A conversa do comerciante de material
de construção Adalberto Rodrigues com o seu pedreiro Chico dos Anjos foi
interrompida, em manhã de domingo, pelo espantoso grasnado de gavião. Tal duas
crianças curiosas, os dois ficaram a procurá-lo. Até que avistaram o danado
sentado num dos cajueiros do sítio Sossego, de Adalberto Rodrigues.
Após o medo passar, o patrão e seu
funcionário jogaram para a paisagem a risadaria. Mas a burra Mimosa relinchou
de imediato, parecendo sorriso escrachado, como se gozasse dos dois. E Chico
dos Anjos sem mais se lembrar do que falava antes da passagem do gavião, ao
retornar para a cadeira de balanço, expressou: "Aquele gavião, Seu
Adalberto, me fez lembrar de quando eu morava no Lama".
O comerciante não lhe perguntou sobre o
tal Lama. Deixou Chico passear com os olhos a paisagem do Sossego, com prenúncio
de chuva de dezembro. Dali a pouco, Chico, derreado na cadeira, declarou ao
patrão: “O Lama, Seu Adalberto, é um arruado onde eu e meus irmãos nascemos”.

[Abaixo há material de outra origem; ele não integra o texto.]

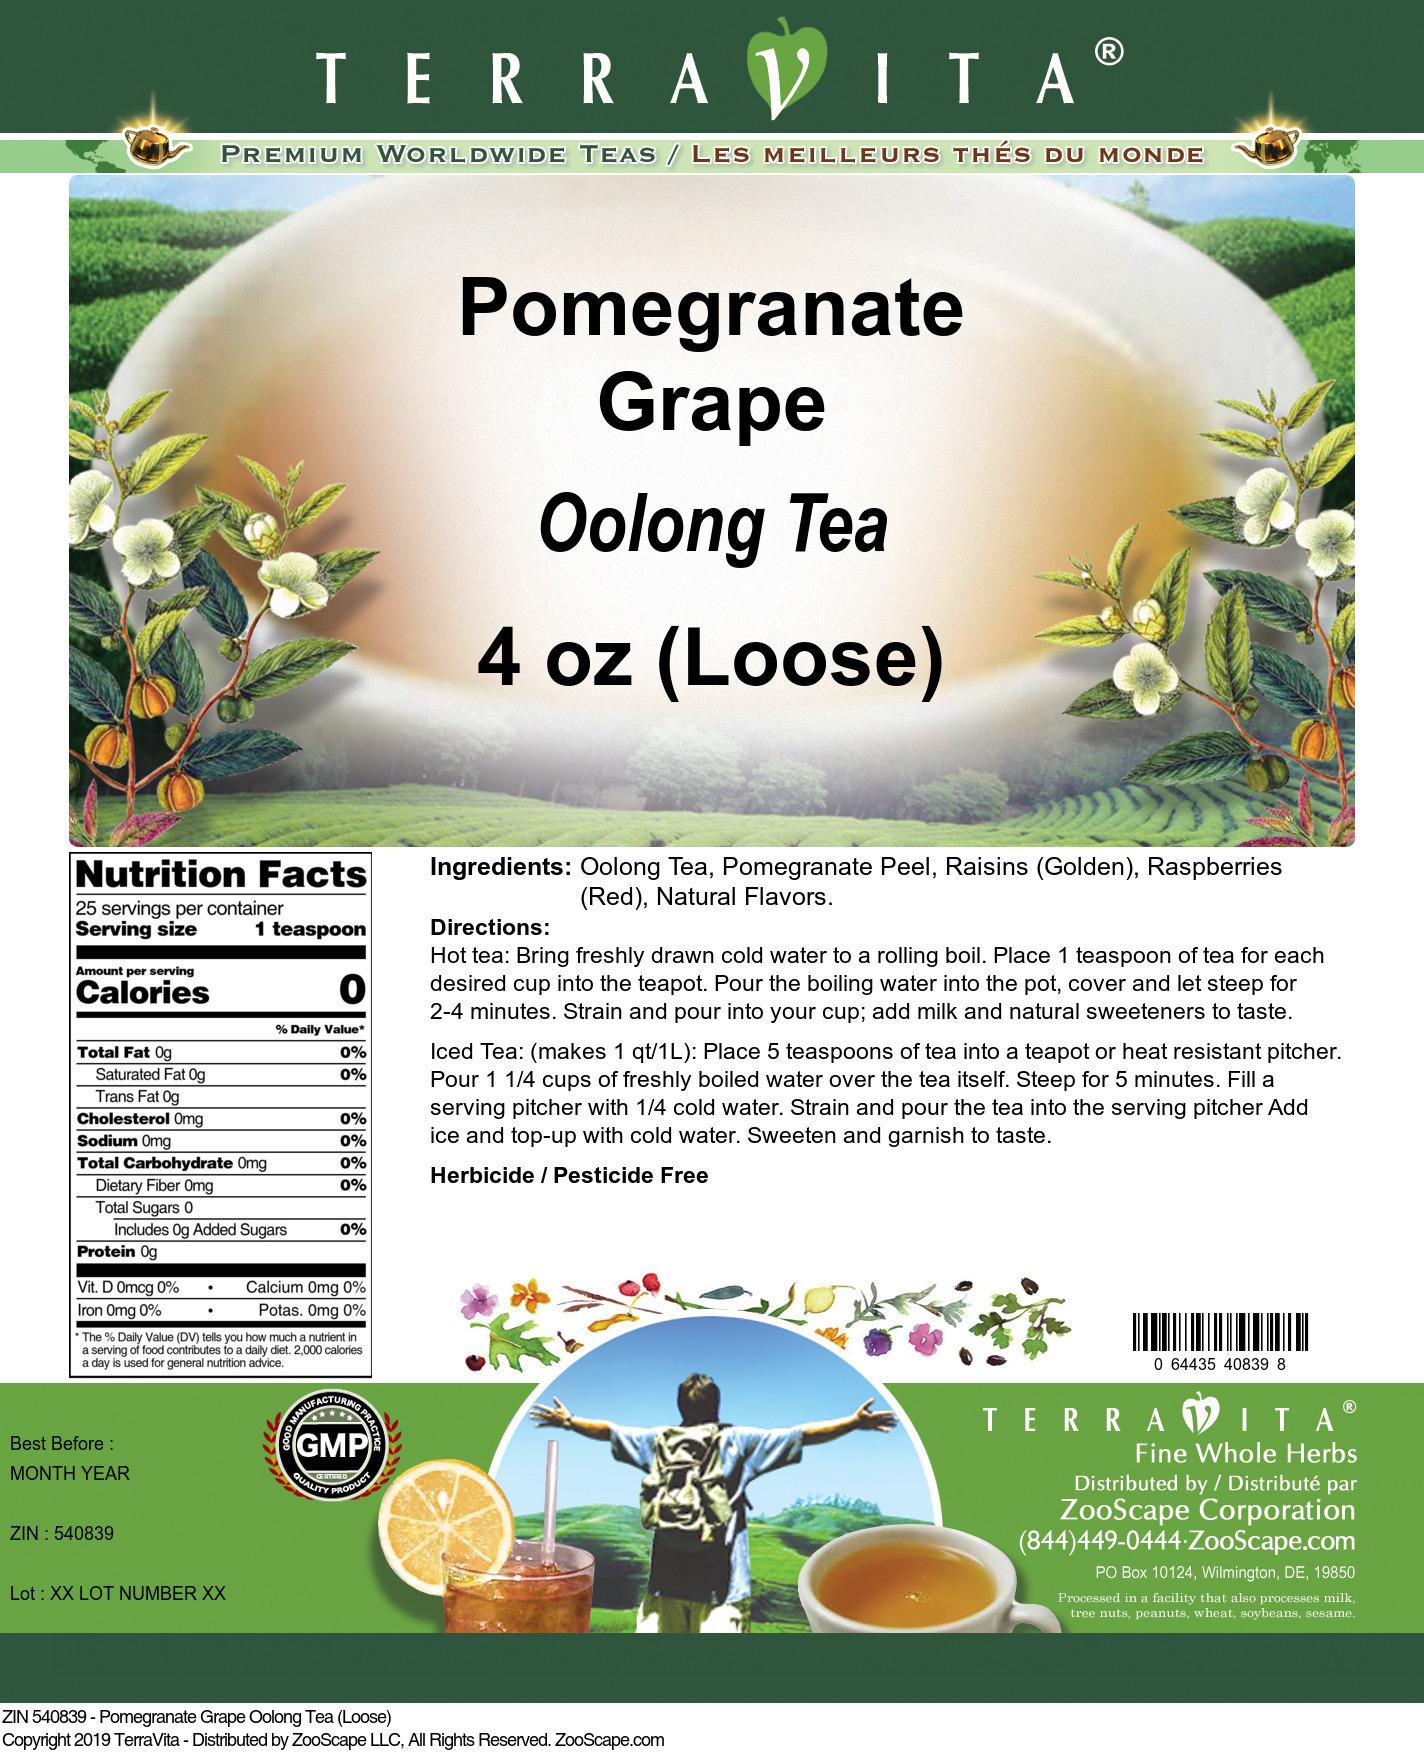 Pomegranate Grape Oolong Tea

Segundo Chico, o povo do arredor
debochava de quem era de lá, ao zombarem: “Nasceu no Lama, nasceu na lama”. Mas
desde que sua família viera morar em Juazeiro do Norte, ele havia se esquecido
da piada e havia deixado de andar lá. Retornou Chico a se lembrar do gavião:
"O desbocado me clareou o Lama, de um fato corrido lá e muito falado”.

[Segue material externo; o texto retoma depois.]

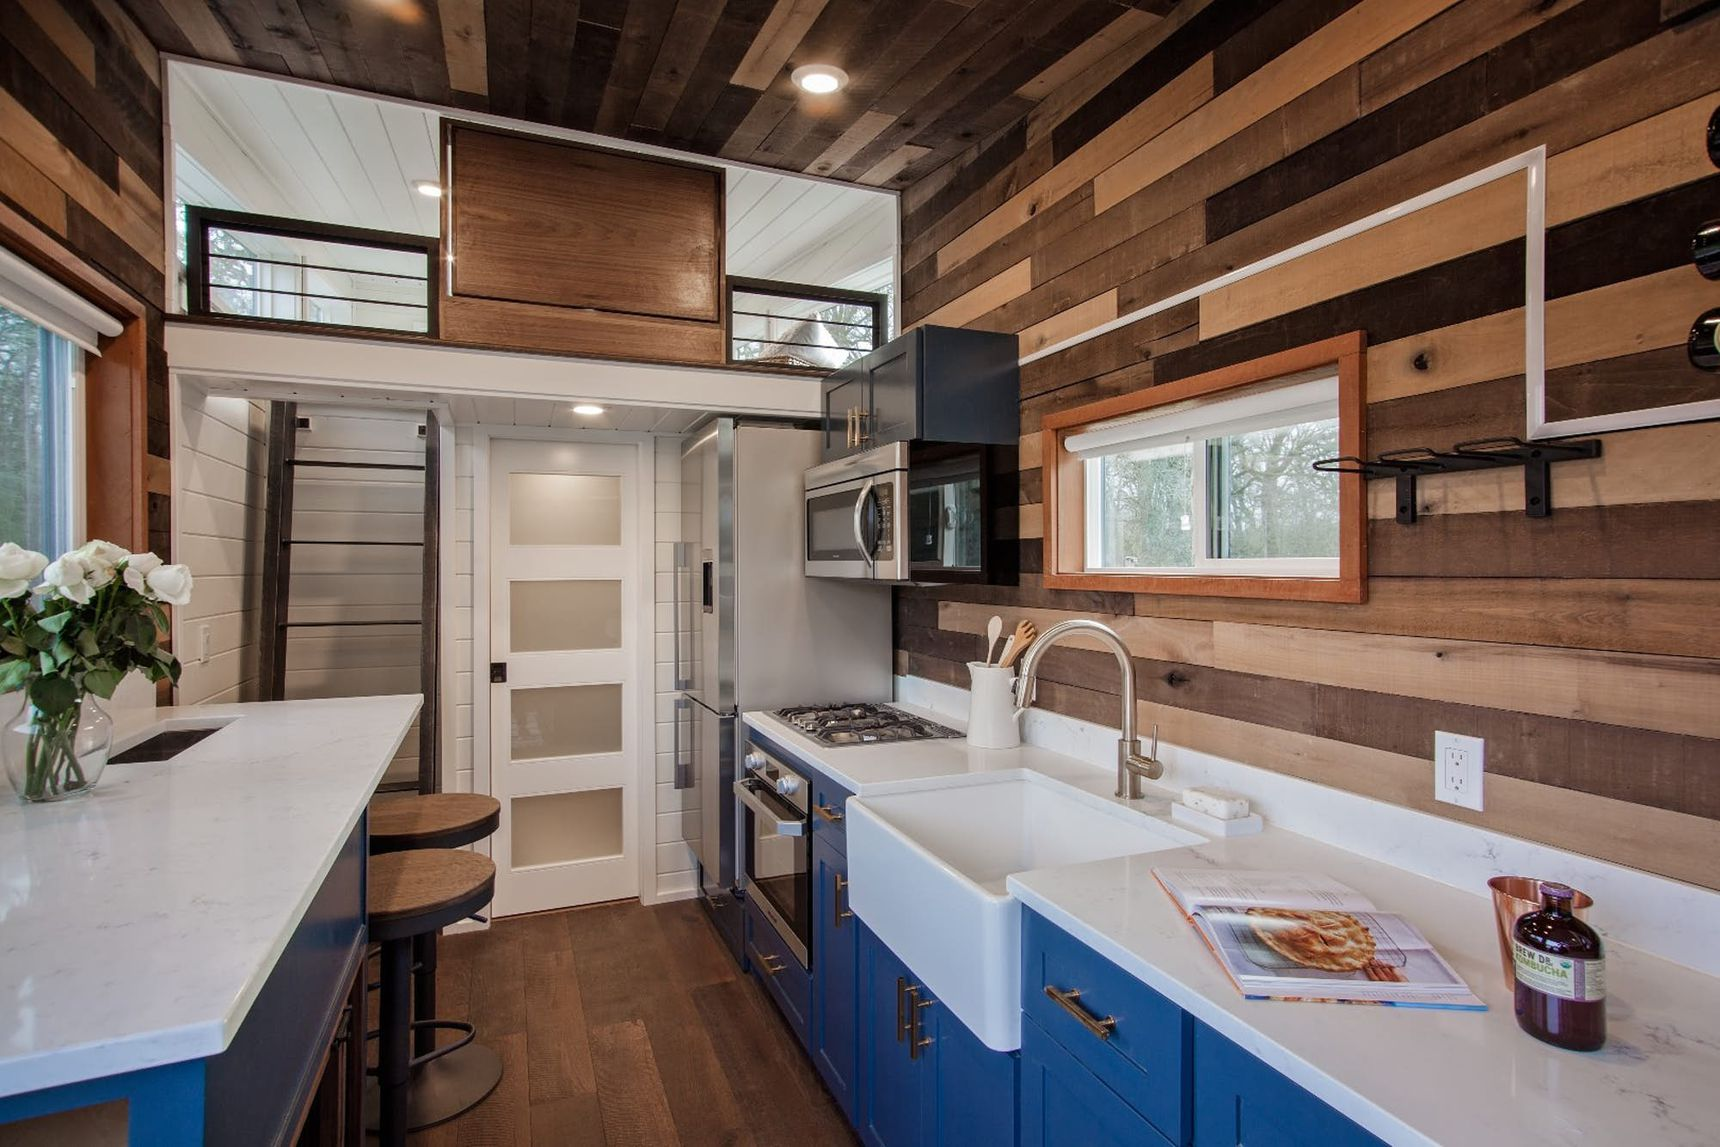 Top Tiny Homes - Breezeway Kitchen

E começou a narrá-lo: certo dia pela manhã,
com vento frio a correr, ele descia a estrada do Lama, sozinho, para ir visitar
seu tio que chegara de São Paulo a passeio. Andava a pensar como ele daria a
negativa ao tio, que o convidara a ir morar na cidade do interior paulista, a
fim de trabalhar no canavial.
Num rápido instante, a sua reflexão
mudou de rumo. Ao entrar na curva, sentiu medo da assombração. A duzentas
braças, o adolescente Chico avistou os tições de fogo. Ao se aproximar da
esquisitice, o seu espírito lhe dizia ser coisa do outro mundo. Ficou em dúvida,
mas se lembrou dos mais velhos dizerem: coisas de outro mundo só apareciam de
noite, por causa das trevas.
- A coisa, Seu Adalberto, se virou num
bocado de braça. Pareciam diabos voando na minha direção. Fiquei arrepiado como
porco-espinho.
Paciente, à espera de Adalberto terminar
de rir, Chico Silva se deixou vagar com a natureza do sítio. Quando ele notou o
patrão sério, relatou-lhe ter posto o medo para as costas e sustentou a mão da
coragem, a fim de enfrentar a guerra contra as almas do outro mundo. Não
despregou os olhos naquela munganga.
De repente, o silêncio do mundo se
partiu em dois. Um gavião rasgou o tempo, num grasnar aperreado de fome. A ave
agourenta rodava em círculo no céu, arrodeando o luzeiro de tições de fogo a
dançarem no céu sem nuvem. Chico se viu dentro da redoma de mundo. Avistou o
gavião sobre sua cabeça, a alastrar gritos agourentos, em meio a tições de fogo
que iam e vinham com o vento. Cada passo que ele dava o mistério aumentava.
Quando a visão ficou para trás, Chico apressou
os passos, sem olhar para trás. Ao entrar no povoado, soltou a língua para o
povo sobre a assombração. Logo a curiosidade de todos se levantou, não deixando
a multidão se recolher em casa.
Levaram-no de volta até o lugar da
assombração, pois queriam testemunhar o tição de fogo a aumentar de tamanho,
duma forma que ninguém jamais havia visto no Lama. Realmente, os que
acompanharam Chico da Silva até o local voltaram de lá atiçados e decididos a
descobrirem o mistério.
- Foi o padre do Lama o desencantador
do mistério, Seu Adalberto - e jogou fina gargalhada estridente, parecida com o
gavião no Sossego.
Para o pedreiro, padre Aniceto sabia de
tudo. Lia muito e transbordava-se de fé. Pouco se abalou quando o povo lhe contou
a história do Francisco e dos que a testemunharam. Entretanto, para se
certificar do estranho fato, o padre chamou o rapaz Francisco para checar a
conversa dele com a dos outros. Ainda, padre Aniceto desconfiado do mistério do
tição de fogo, pediu ao povo do Lama rezarem, para Deus revelar a verdade.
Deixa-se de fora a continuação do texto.